* EXERCISE BRIEF
Leave out every picture, and restate word for word only the lines from the one containing "Romance Stay by" through the end of the material.

* GIVEN DATA
________________________

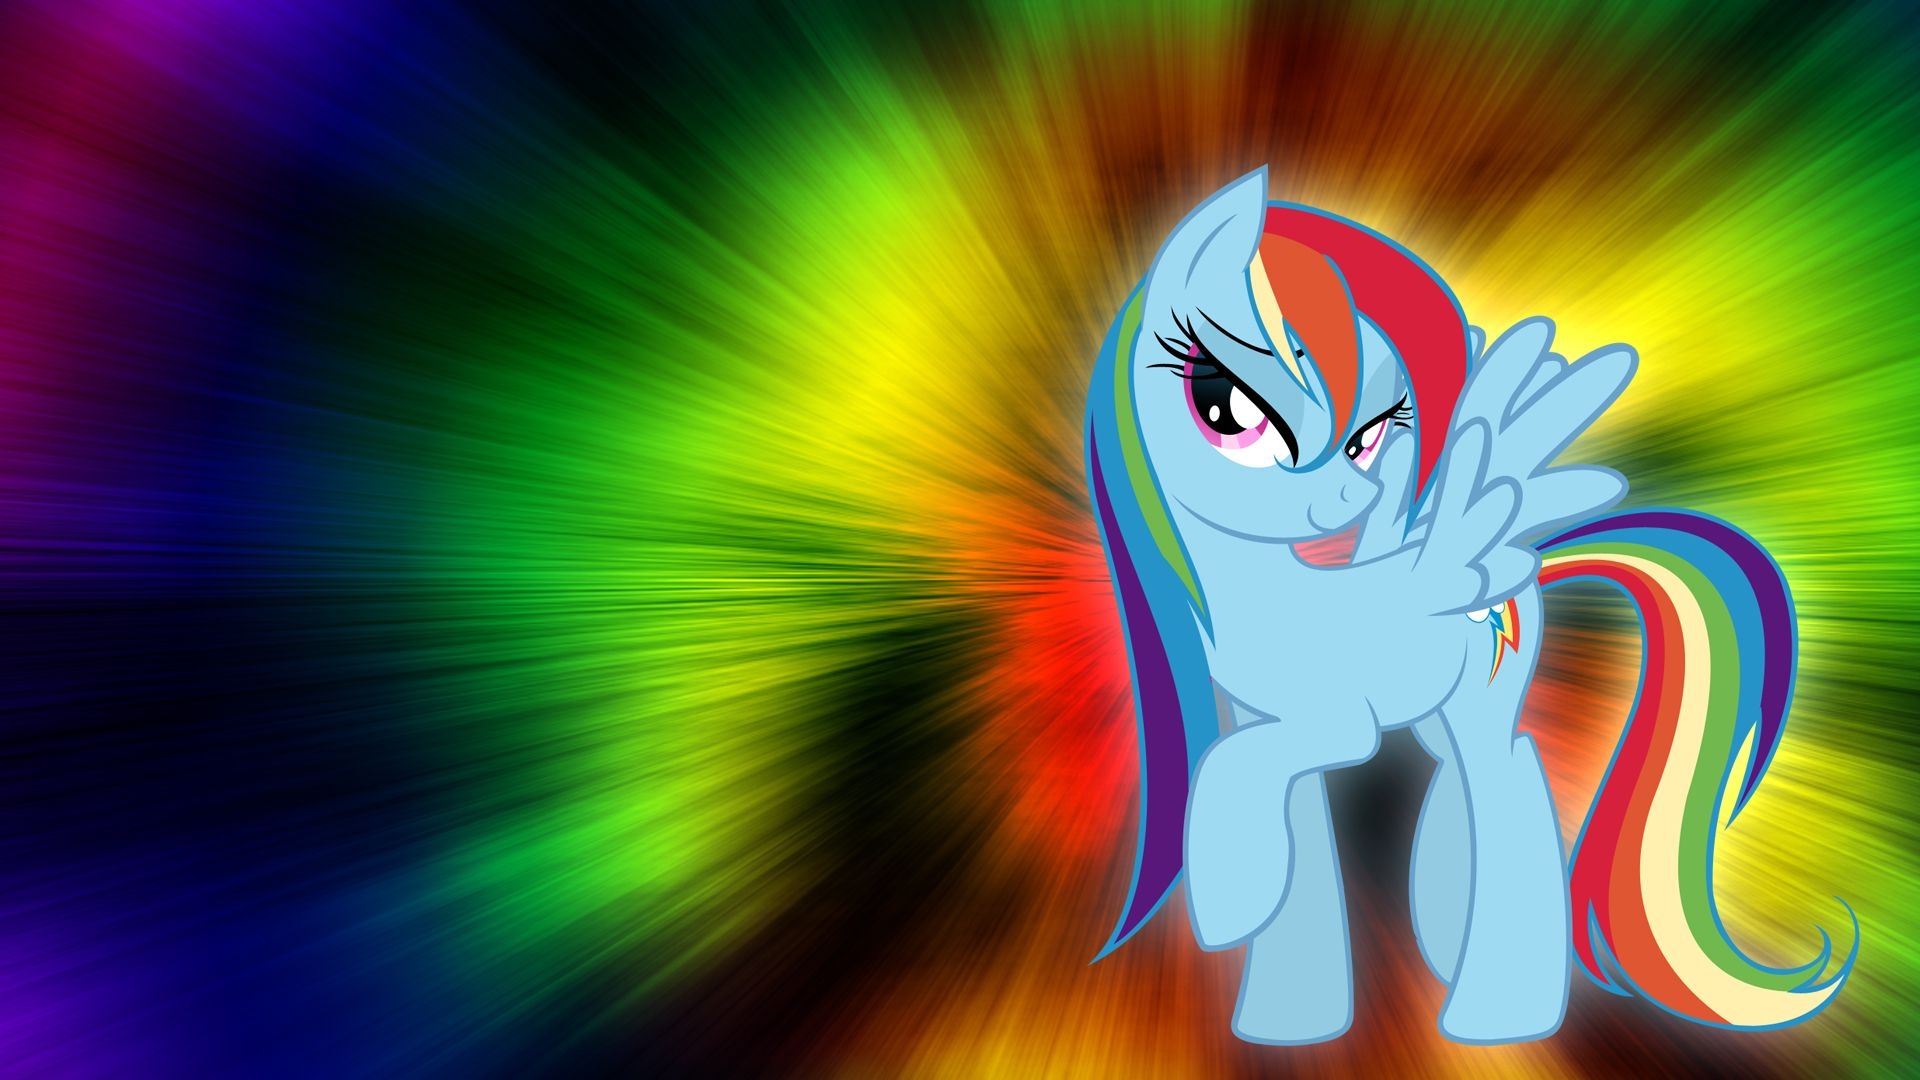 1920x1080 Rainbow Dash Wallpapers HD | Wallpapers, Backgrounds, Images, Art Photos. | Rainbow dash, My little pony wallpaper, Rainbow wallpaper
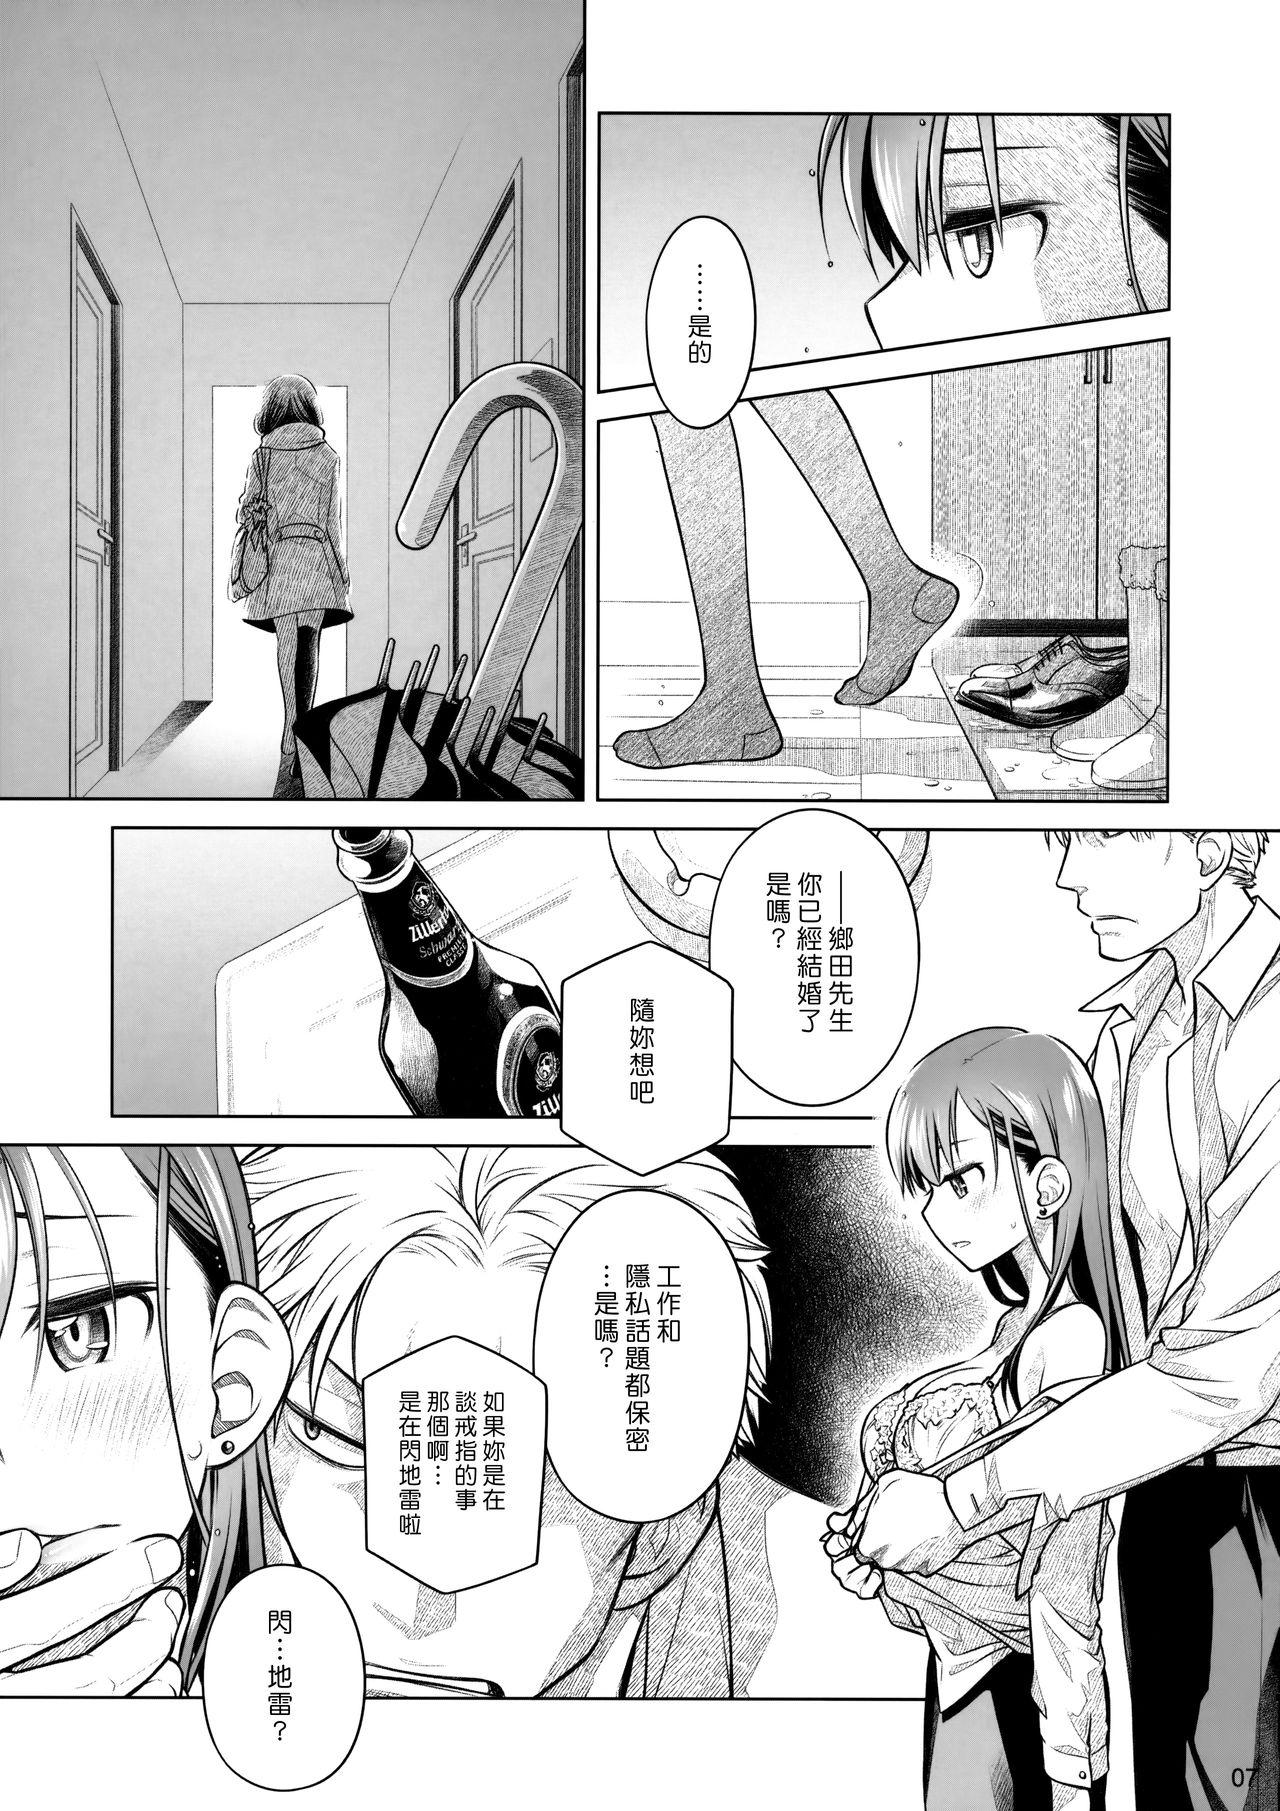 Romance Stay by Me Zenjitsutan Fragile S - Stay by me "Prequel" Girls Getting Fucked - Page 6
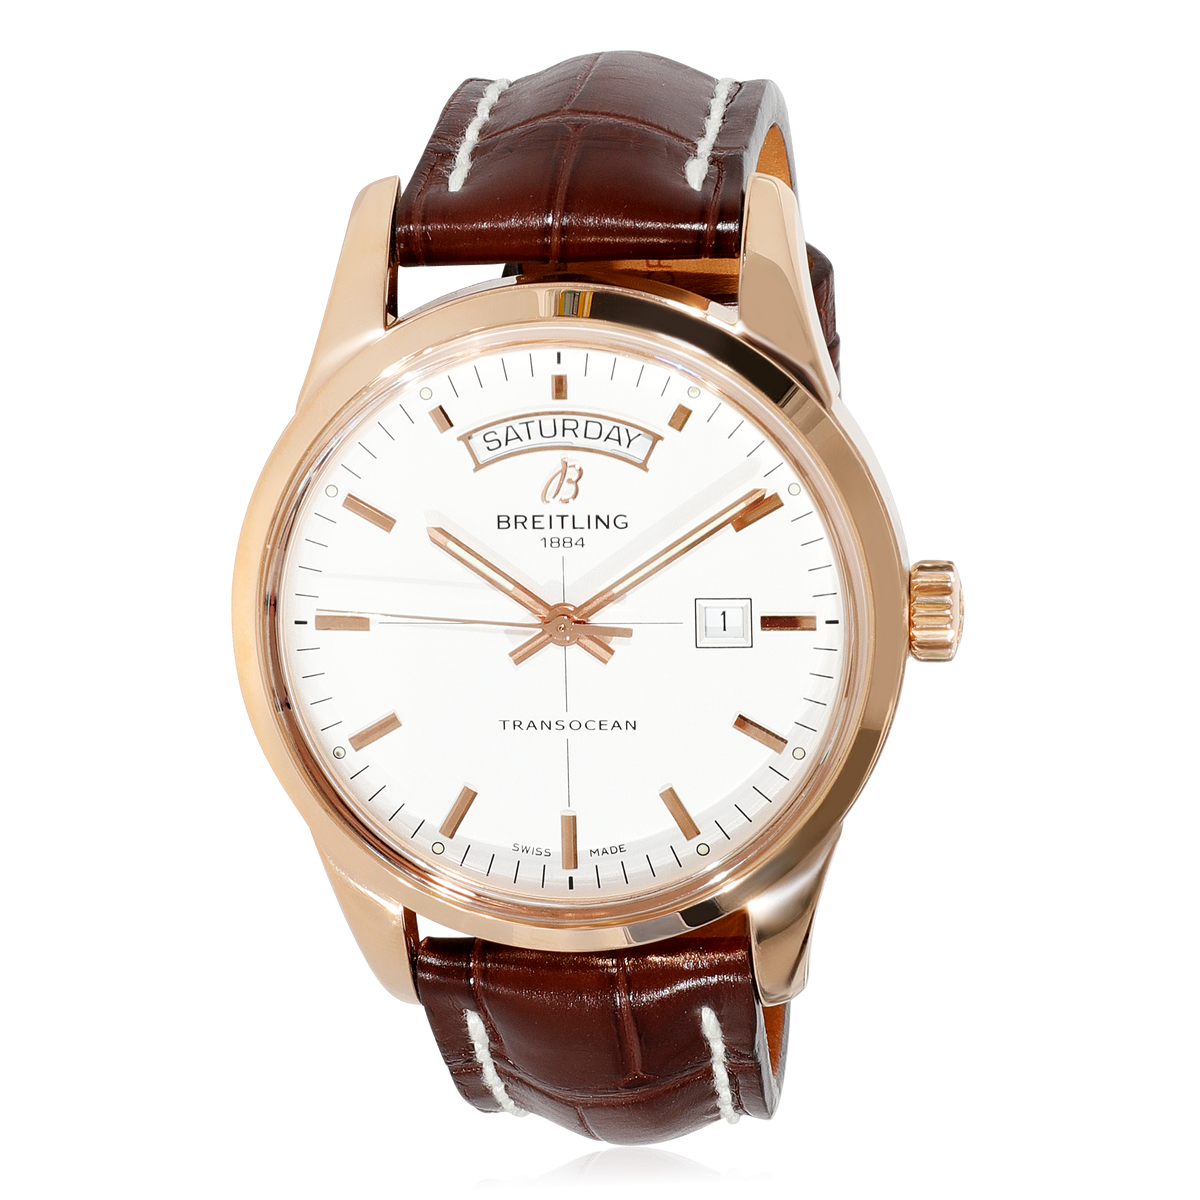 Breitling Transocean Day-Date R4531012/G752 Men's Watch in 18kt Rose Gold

________________________

* REPLY TO THE TASK
 Romance Stay by Me Zenjitsutan Fragile S - Stay by me "Prequel" Girls Getting Fucked - Page 6
 Breitling Transocean Day-Date R4531012/G752 Men's Watch in 18kt Rose Gold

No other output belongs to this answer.